The Supreme Court set out five considerations which supported their rationale for the decision that the Uber drivers were workers: 

  1. Uber controls over how much the drivers are paid for the work they do. Uber sets the fares for each booking. It was therefore Uber who decided how much drivers received for the work they do. 
  2. Uber required its drivers to sign and accept a standard written agreement, which sets out the contractual terms that govern the services performed by the drivers, with the drivers having no say in those terms. 
  3. Once the driver was logged into the app, Uber controlled whether the driver accepted rides, with enforcement action taken if they cancelled or rejected trips repeatedly. Uber may then take matters further and log drivers out of the app for ten minutes if performance (from Uber’s perspective) does not improve. 
  4. Uber’s rating system implemented a significant degree of control over how the drivers performed the service. For example, Uber guides the driver to the pickup location and sets out a route for the journey.
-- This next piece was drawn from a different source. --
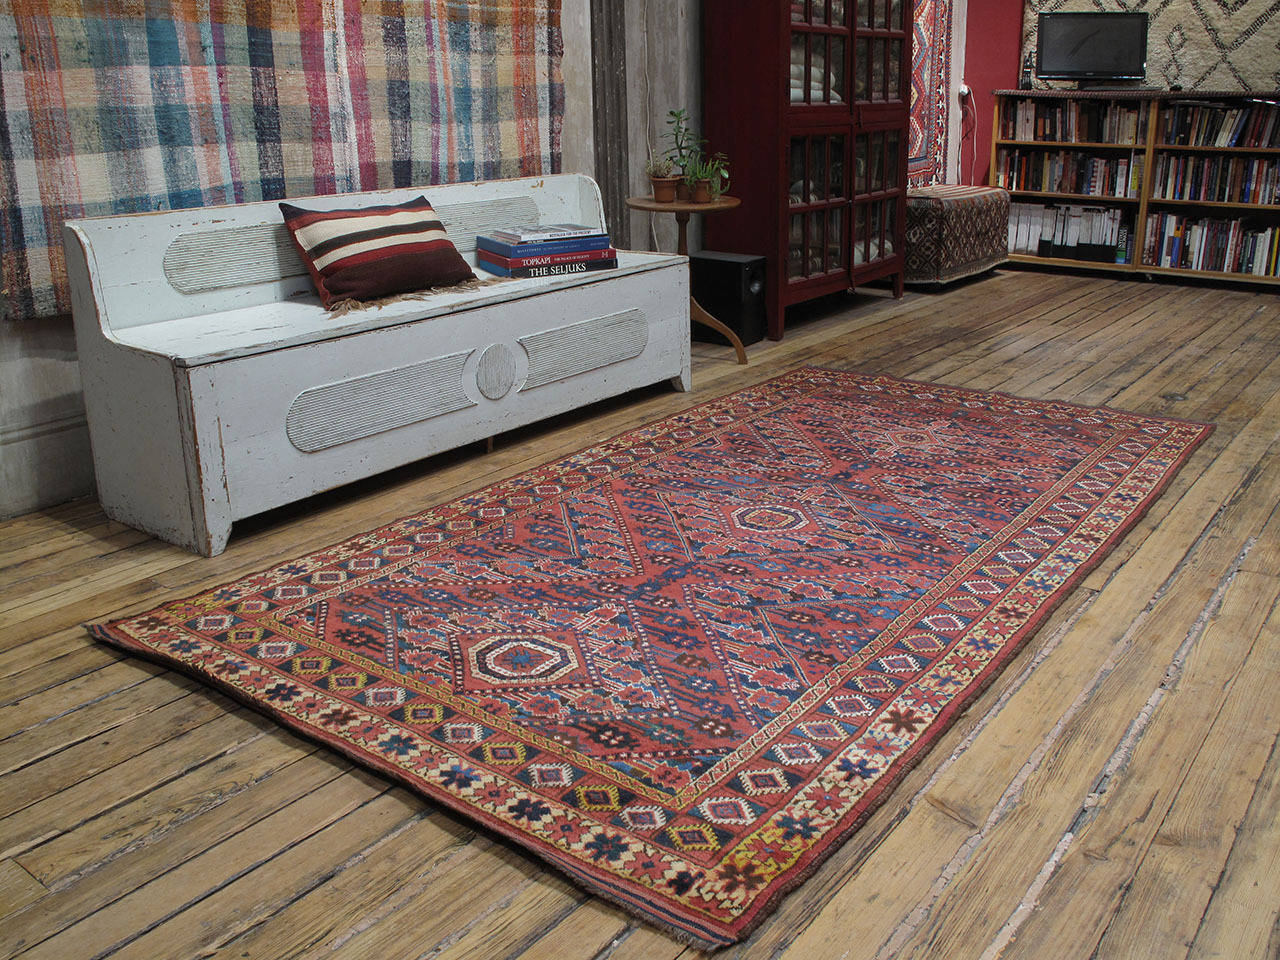 Antique Beshir Turkmen rug. A highly collectible antique rug, attributed to the Ersari Turkmen tribes in Central Asia, in a more ornate style often referred to as

The drivers do not have to follow the specific route but are likely to receive negative customer feedback via the rating if they do not.  
  5. Uber restricts any communication between the drivers and customer to ensure that no relationship develops. Uber handles all complaints and further interactions. 

The Court stated that by “taking these factors together, it can be seen that the transportation service performed by drivers and offered to passengers through the Uber app is very tightly defined and controlled by Uber”. Consequently, the Court concluded that these conditions placed the drivers in a position of subordination and that the drivers had little or no opportunity to improve their economic position via their entrepreneurial skill.


Some key takeaways for employers: 

  • Categorising staff as self-employed contractors does not determine their employment status if, in practice, those “contractors” are being treated as employees or workers. 
  • The more control a business or employer has over its workers or how its service is provided may weaken any argument that the worker is self-employed/contractor. 
  • This case sets a precedent for how tribunals will decide future cases regarding employment status. Although the worker’s status depends on weighing up a number of factors, it is clear that a high degree of control exercised by the business or employer that employs individuals will favour an argument that those individuals are regarded as employees.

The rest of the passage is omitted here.